The MLB Is Slowly Making Paternity Leave a Big League Conversation
While it offers a meager number of days off for new dads, the MLB's paternity policy does work by bringing the conversation, well, into the big leagues.
If you take social cues from such dyspeptic sports talk radio hosts as Michael Felger, you’d think a Major League Baseball player taking paternity leave was the worst sin in the world. How dare he, a professional athlete who works “six months out of the year”, take time off to “tickle the baby”? But the truth about dyspeptic sports talk radio hosts is that they’re starting to sound woefully outdated. Most people are more or less okay with the 20-odd baseball players who have taken paternity leave each year since 2011, when the league instated it.

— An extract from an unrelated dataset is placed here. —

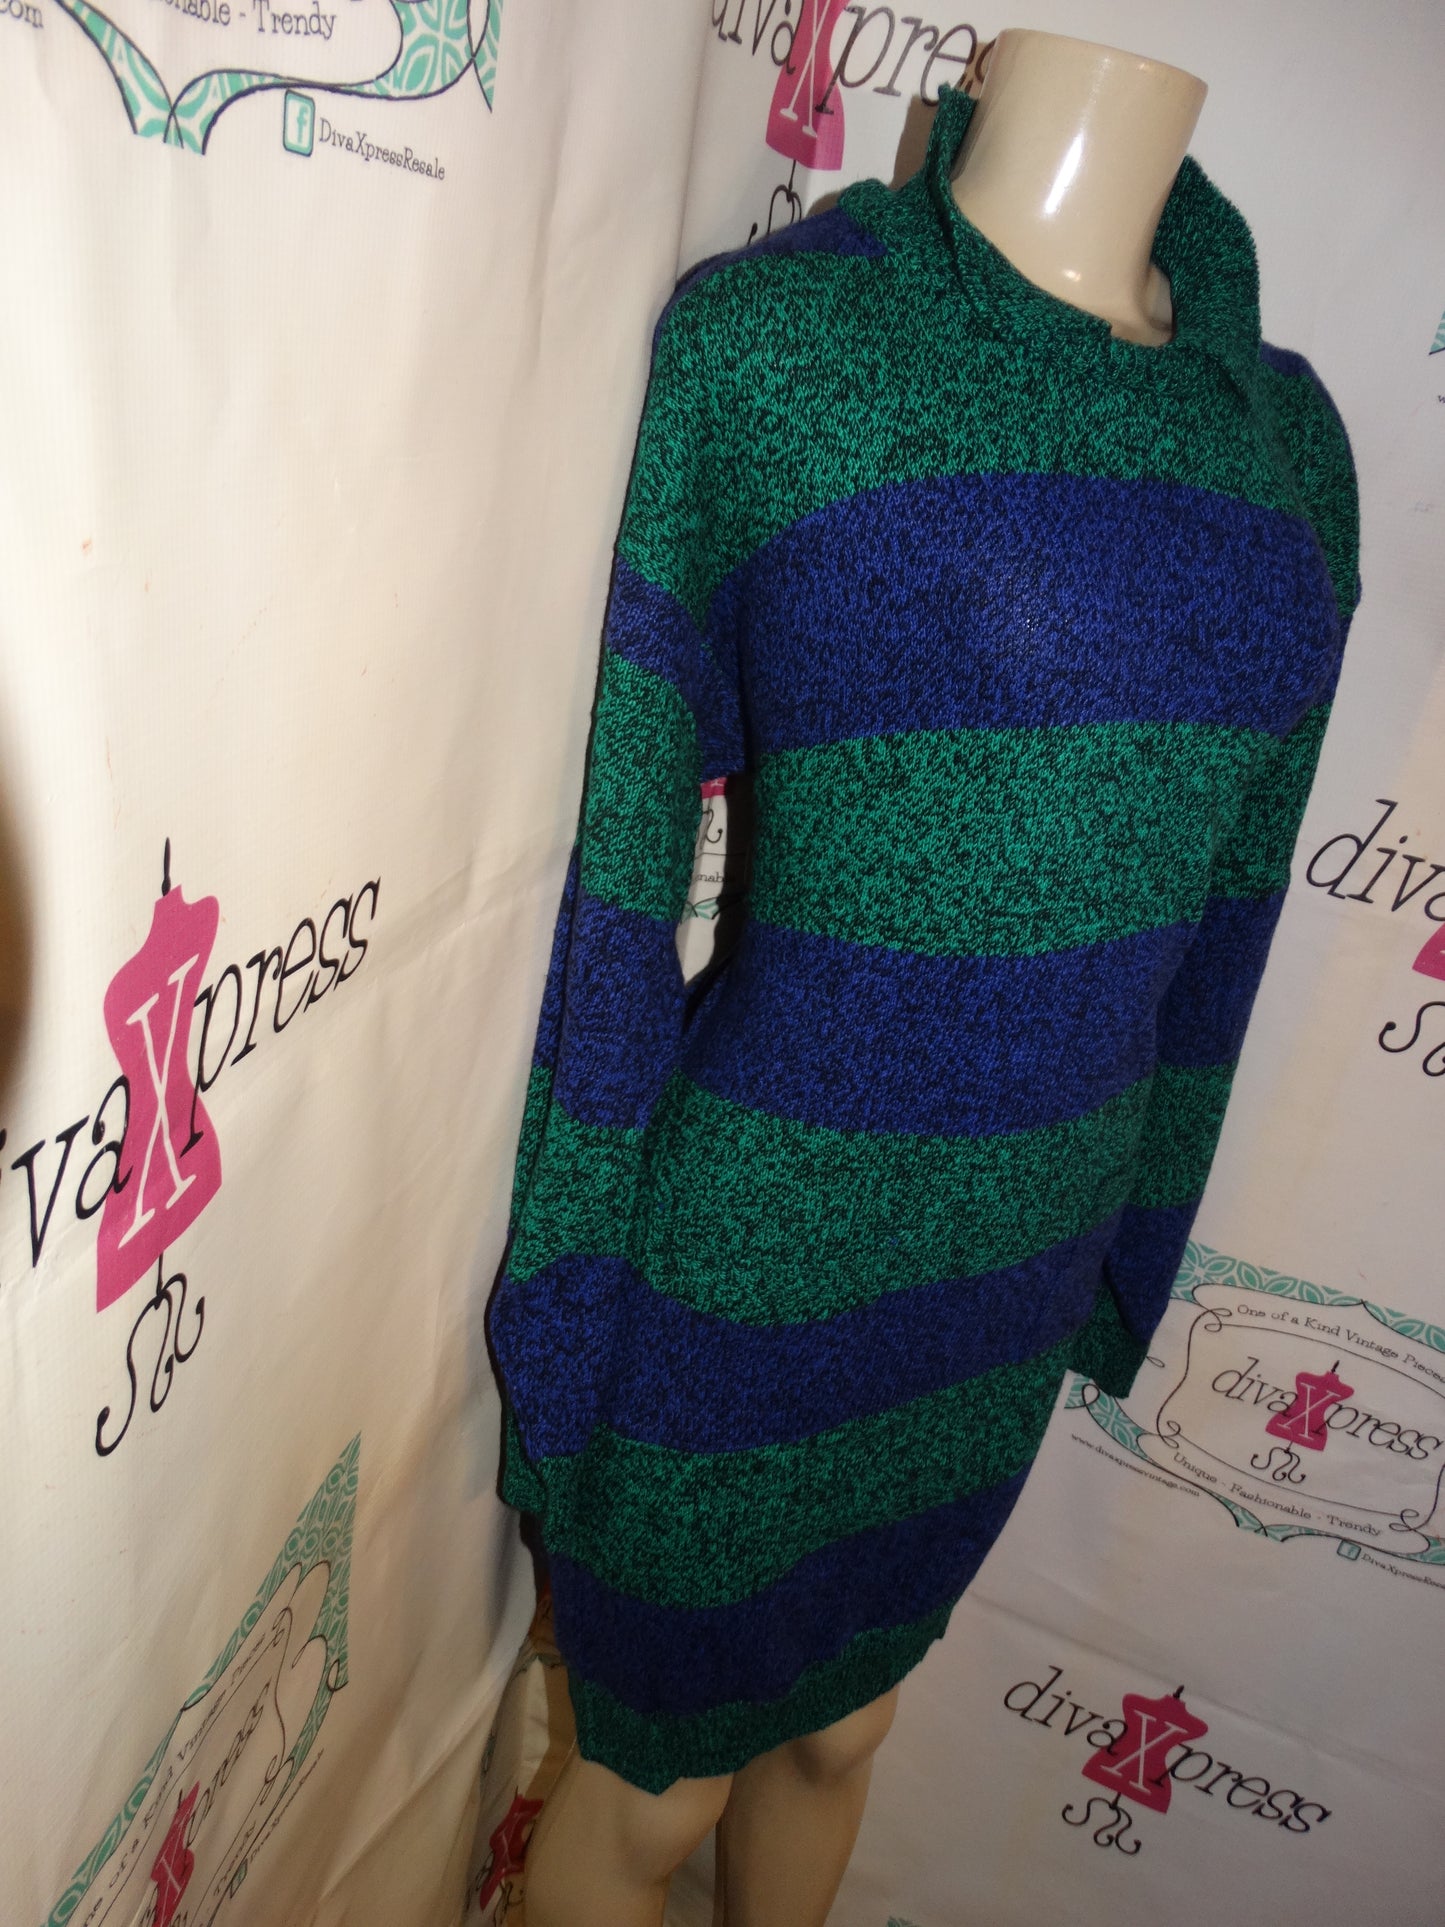 Vintage Wye Oaks Purple/Green Dress Size XL

“There hadn’t been an outcry before and not since, that’s really the story here,” says Scott Behson, professor of management at Fairleigh Dickinson University and the author of “The Working Dad’s Survival Guide.” “Baseball as an employer and institution, as well as the fans see paternity leave and involved fatherhood as normal. As it should be.”
What’s more, as it’s the only major sports league that offers paid paternity leave, the MLB could be doing a favor to millions of dads who can’t hit a fastball to save their lives — even if that was never the league’s intention: bring the paternity leave conversation into a widely watched masculine institution.

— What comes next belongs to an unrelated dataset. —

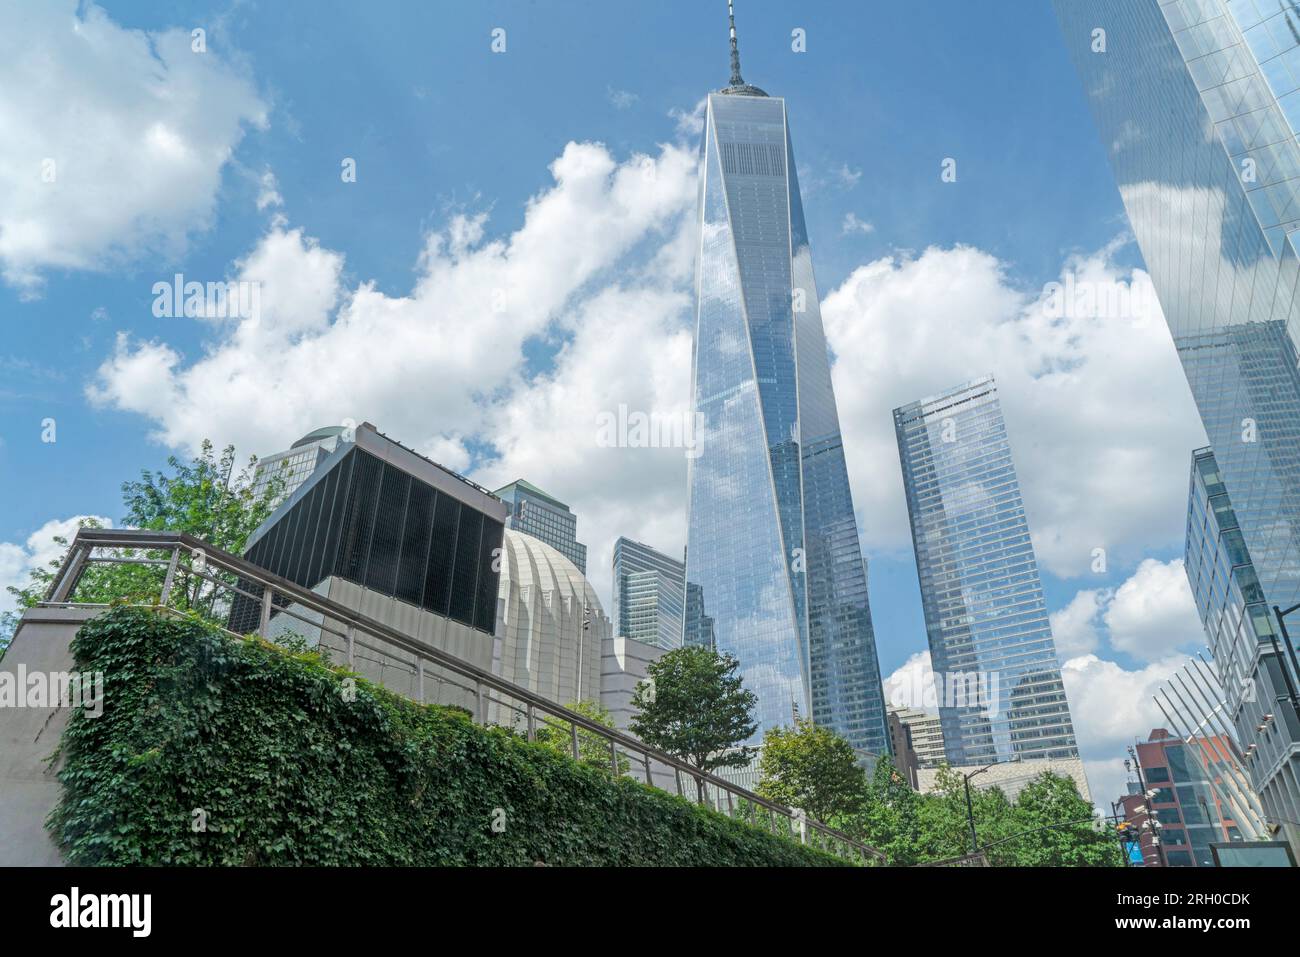 Centrés par 1 World Trade Center, de grands gratte-ciel ont été érigés sur le site du World Trade Center avec l'Oculus et le St. Nicholas Church. Banque D'Images

“Here’s a very American masculine institution of baseball that is communicating that babies are men’s work as well as women’s work, and we need to support them becoming a father,” says Claire M. Kamp Dush, an associate professor of family science at The Ohio State University. “That’s a very important cultural message.”
Before 2011, when a player wanted to witness the birth of his child, his team had two options: They could choose to play one man short while the new father was away. Or they could suspend the player and deny him pay while he was AWOL — because that was the only way the team was permitted to replace him with a player from the minor league. It was really a question of playing shorthanded or not. So the notion for paternity league in baseball came from team general managers, not the league itself, nor the players association. The GMs pushed the idea for rather practical reasons
“General managers felt it was inappropriate not to pay players their salaries when they were just going for a few days for the birth of their child,” says Paul Misfud, the league’s vice president and the author of the rule. “They didn’t want to create a situation where a player stays with the team just to get paid.”
Under the rule, players must miss at least one game but can be absent for no more than three. They get paid, the team doesn’t have to play shorthanded, and one more baby can brag that their dad passed out in the delivery room.
If three days sounds a bit paltry, don’t expect it to get any longer. “It’s been a dormant issue since 2011,” says Misfud, who takes that as an indication that the teams are doing fine and the players feel it’s adequate. So why would the league feel pressed to change the rule? “We haven’t gotten any pushback from the players union asking for more time,” he says. But, “It would only take three or four players to need more time during the delivery of their child to bring the issue back to the table.”
Elvis Andrus
“Sports have always been a vehicle for change and progress in society, especially baseball,” Behson says. “They’re very proud of their role in the integration of other aspects of society. If someone we look up to takes parental leave, it makes it more acceptable for others to do so.”
This year so far at least eight players have taken advantage of the policy, including Texas Rangers shortstop (and guy with a very rock’n’roll name) Elvis Andrus, San Diego Padres center fielder Manuel Margot, and — guy who also has a very rock’n’roll name — Cleveland Indians first baseman Carlos Santana.
The odds of dads-to-be taking paid leave has doubled since 2004, according to the Department of Labor (though it’s still at a pitifully low rate). But regardless of one’s batting average, fewer than one fifth of employers offer paid leave, according to the Society for Human Resources Management. And that number hardly matters anyway, since more than a third of guys say they wouldn’t take parental leave for fear of negative consequences at work.
While it certainly doesn’t put it in the company of such paternity-leave power players as Patagonia, Deloitte, and Netflix, the MLB’s policy brings the paternity leave conversation, well, into the big leagues.
“Baseball putting the idea of paid designated leave out there reminds people that it’s still something most Americans don’t have access to,” says Janine A. Parry, a political science professor at the University of Arkansas and author who’s written about family leave. “That makes it an important part of the national conversation.”